Herr Trittin, Sie gelten als einer der präsentesten, aktivsten und streitbarsten Umweltminister der vergangenen 30 Jahre – was ist für Sie selbst Ihr größter Erfolg gewesen? Ohne Zweifel der Ausstieg aus der Atomenergie ¬ damals hart umkämpft, aber mittlerweile auch in CDU/CSU Konsens ¬- und der Einstieg in die erneuerbaren Energien.
… die aber jetzt ausgebremst werden? Ja, leider. Tatsächlich brauchen wir angesichts des Pariser Klimaabkommens mehr statt weniger erneuerbare Energien, doch die Bundesregierung würgt mit den geplanten Obergrenzen den Ausbau der Erneuerbaren ab, um das nicht-nachhaltige Geschäftsmodell der Kohlekonzerne über die Zeit zu retten. Das ist nicht nur schlecht für den Klimaschutz und die Stromkunden, sondern beschädigt auch Deutschland als Wirtschaftsstandort, weil Zukunftsindustrien vertrieben werden.
Für das Erneuerbare-Energien-Gesetz ist das Wirtschaftsministerium federführend zuständig. Müsste das Umweltministerium gestärkt werden? Unbedingt. Das Umweltministerium muss die Kompetenz für die gesamte Energiepolitik zurückbekommen. Es war falsch, die Verantwortung dafür am Anfang der Legislaturperiode ins Wirtschaftsministerium zu verlagern. Nach meiner festen Überzeugung können Sie nicht verantwortlich für Klimapolitik sein, und das ist das Umweltministerium, ohne in Schlüsselfragen wie der Energie eine eigene Kompetenz zu haben. Ein starkes Umweltministerium würde zudem verhindern, dass falsche industriepolitische Entscheidungen getroffen werden.

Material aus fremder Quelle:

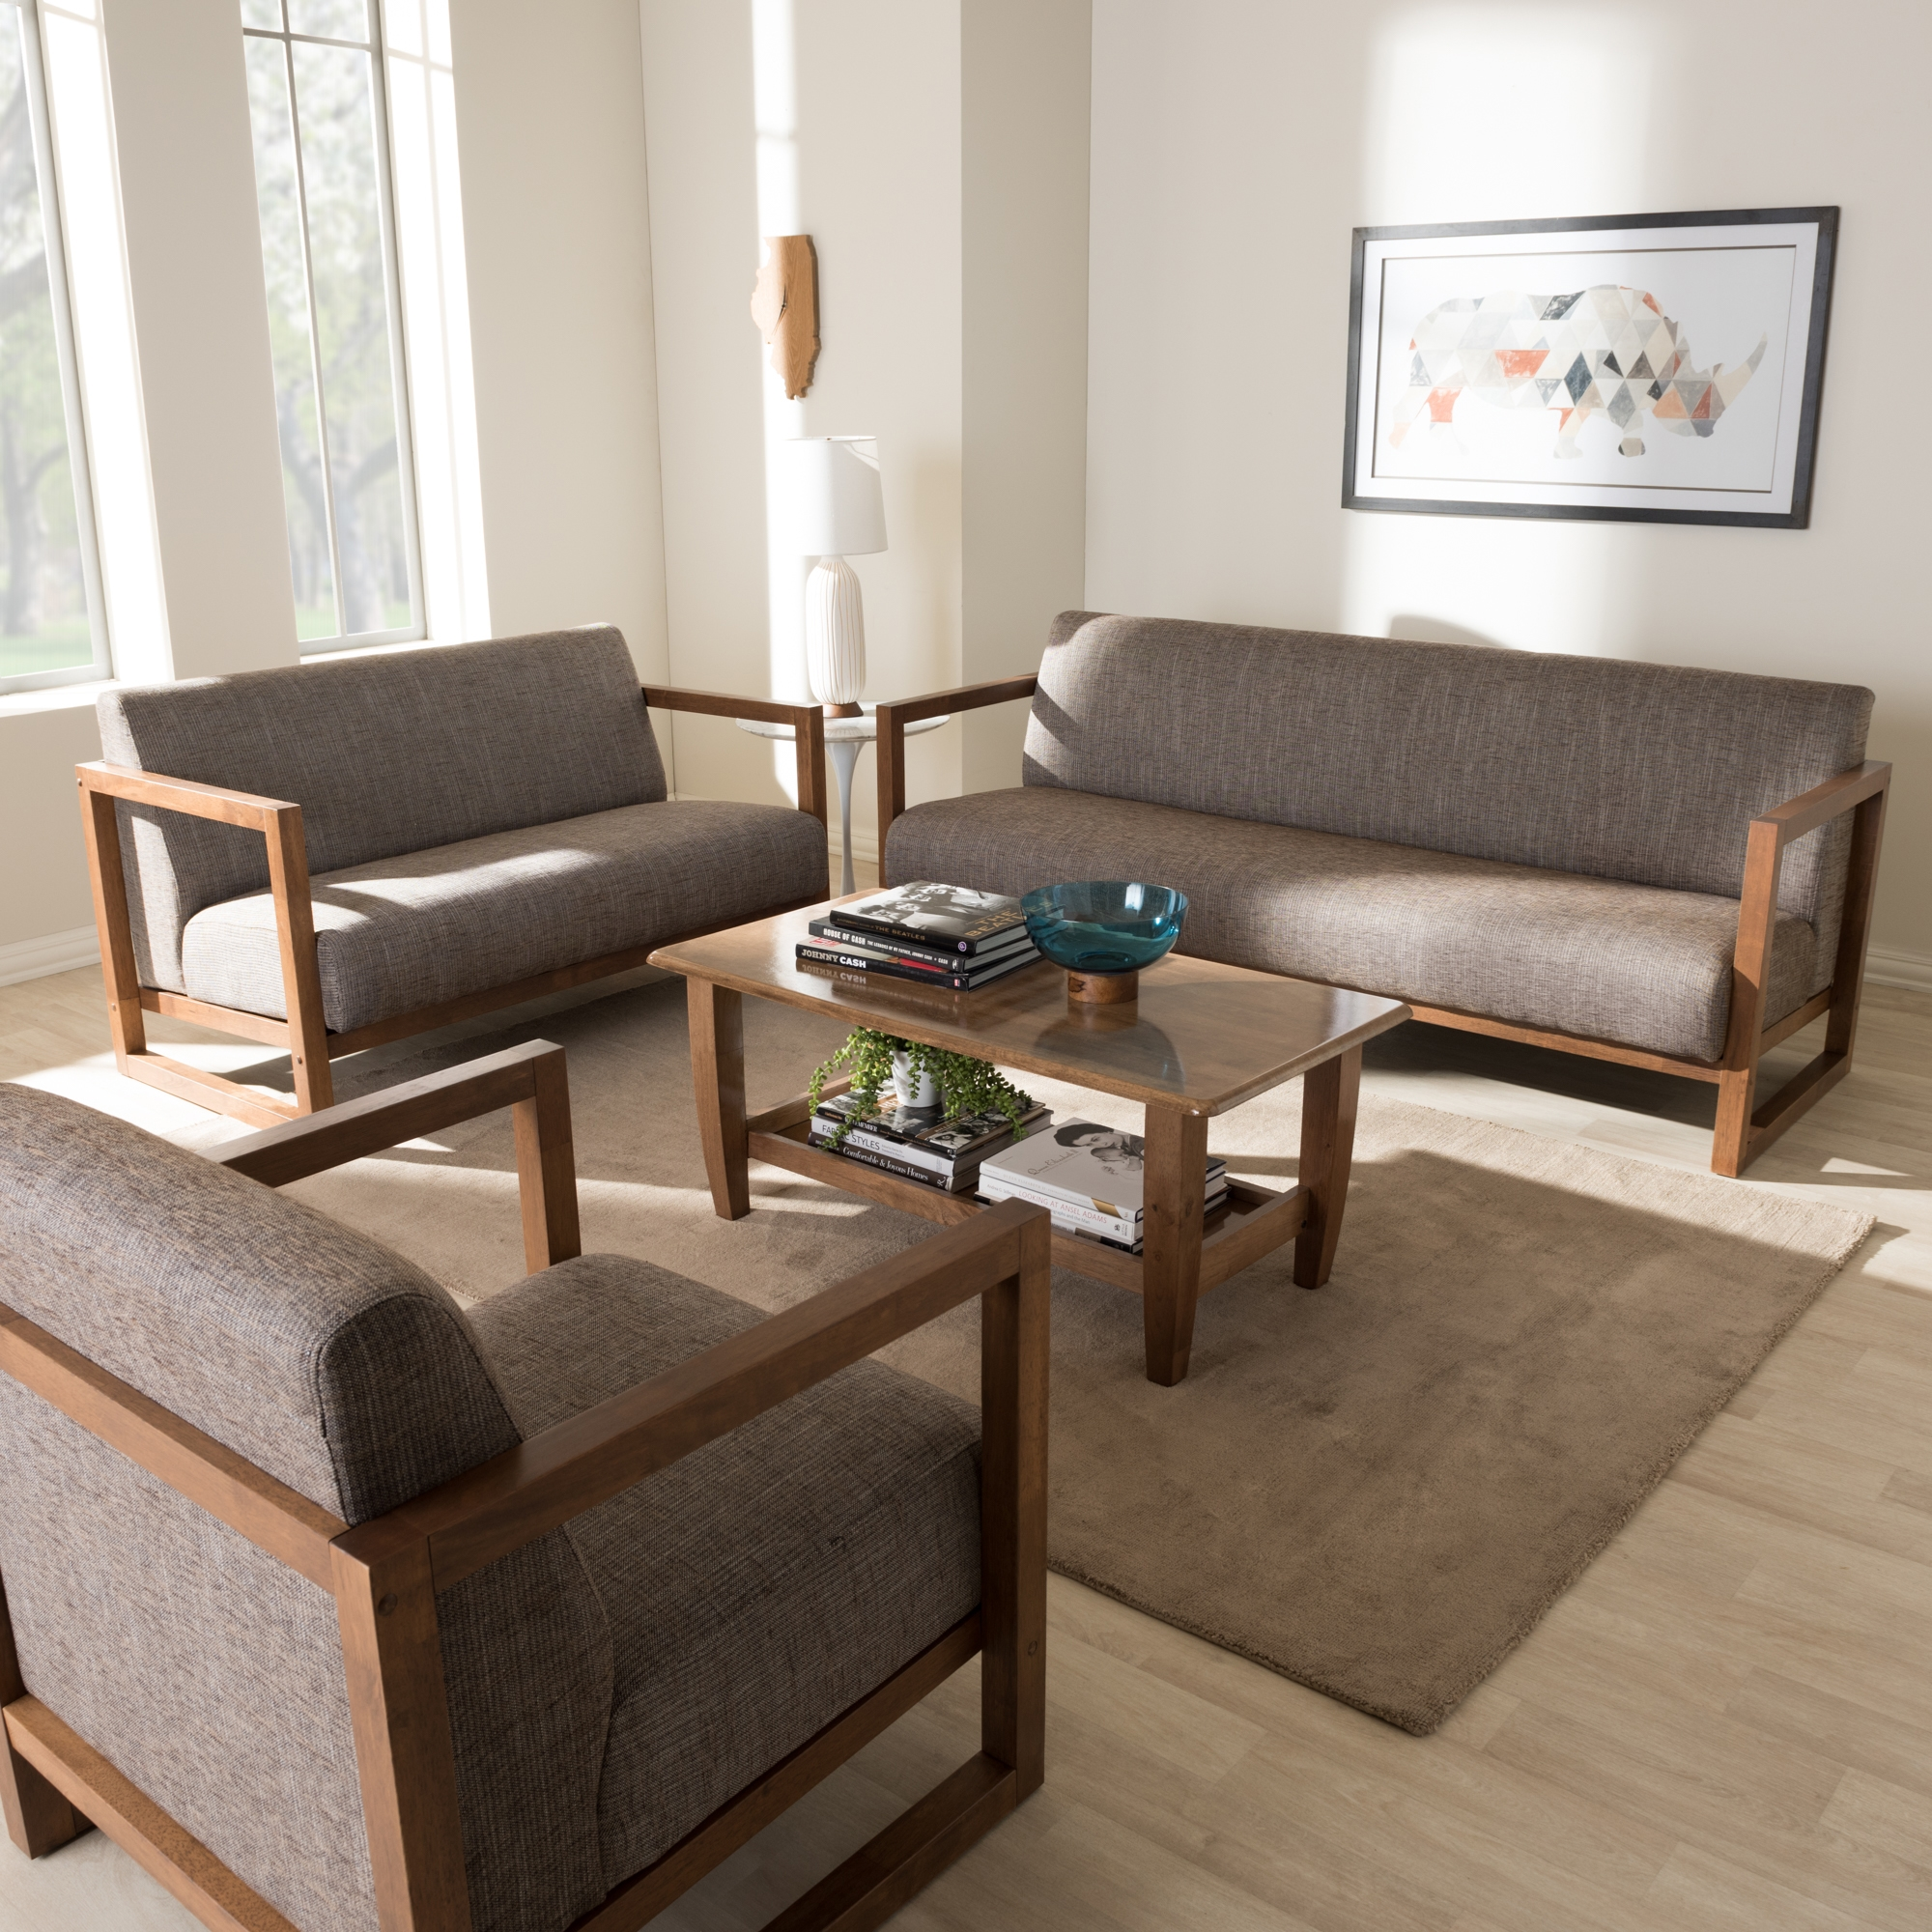 ... Baxton Studio Valencia Mid Century Modern Walnut Wood Finished Gravel  Fabric Upholstered 3 Piece ...

Sie halten das Umweltministerium also für schwach und nicht zukunftsfähig aufgestellt? Das Ministerium hat zwei Probleme: Erstens ist es durch den Wegfall der Erneuerbaren geschwächt worden. Zweitens hat die Ministerin einen Hauptkontrahenten im Bundeswirtschaftsministerium sitzen, der der eigene Parteivorsitzende ist. Das ist keine gute Konstellation.
„Deutschland neigt insgesamt zu Strukturkonservatismus“
Eigentlich ist doch jedes Ressort im Kabinett vom Thema Klimaschutz betroffen? Ja, und deswegen braucht es ebenfalls dringend ein Klimaschutzgesetz, mit konkreten Inhalten und Maßnahmen, die dann auch ergriffen werden. Nur so wäre das Umweltministerium mit den entsprechenden Zähnen ausgerüstet, um im Wettkampf der Ressorts tatsächlich etwas durchsetzen zu können.
Wer ist träger in Sachen Umweltschutz: die Ministerien oder die Unternehmen? Deutschland neigt insgesamt zu Strukturkonservatismus. Die Wirtschaft ist, was die ökologische Modernisierung angeht, bisher immer zu ihrem Glück gezwungen worden, gegen das sie sich immer heftig gewehrt hat.
Sicher, sauber und bezahlbar: So soll die Energiewende aussehen
Die Energiewende wurde 2011 nach der Atomkatastrophe von Fukushima ausgerufen. Die drei Ziele: sicher, sauber, bezahlbar.
Acht Atomkraftwerke wurden sofort stillgelegt, im Sommer 2015 folgte das bayerische AKW Grafenrheinfeld. Die letzten Meiler sollen 2022 vom Netz gehen.
Der Ökostrom-Anteil an der Versorgung soll 2025 bis zu 45 Prozent betragen.
Der Treibhausgasausstoß soll bis 2020 um 40 Prozent im Vergleich zu 1990 sinken, bis 2050 sogar um 80-95 Prozent. Erreicht wurden bis 2014 aber nur 27,7 Prozent Minderung.
Windstrom muss vom Norden in den Süden, aber oberirdische Hochspannungsleitungen sind bei Anwohnern unbeliebt. Wenn die Netze überlastet sind, müssen die Verbraucher für den Ausfall der Produktion aufkommen – der Netzausbau ist deshalb ein Zankapfel. (Quelle: dpa)
Ist es eigentlich eine späte Genugtuung, dass die vier Energieversorger heute in einem so desolaten Zustand sind? Nein, ich sehe das mit Sorge. Wir waren deutlich, was unsere Ziele anging. Aber der jetzige dramatische Zustand einzelner Energieversorger hat damit zu tun, dass sie jahrelang in fossile Anlagen investiert haben, die heute weniger Erlöse bringen als die erneuerbaren Energien. Das kann man nicht dem Umweltministerium anlasten.
Hat es das Umweltministerium heute schwieriger als in Ihrer Amtszeit? Früher bestand Umweltpolitik häufig darin, auf eine eingetretene Katastrophe zu reagieren. Heute geht es darum, eine vorbeugende Umweltpolitik zu betreiben. Das ist in der Tat viel schwieriger. Wenn Leute eingesehen haben, dass sie Mist gebaut haben, dann akzeptieren sie gern einschneidende Maßnahmen.
Muss ein Umweltminister streitbar sein? Ein Umweltminister kann, wenn er etwas bewirken will, nicht jedermanns Darling sein. Aber er kann dennoch ruhig und gelassen für seine Ziele eintreten.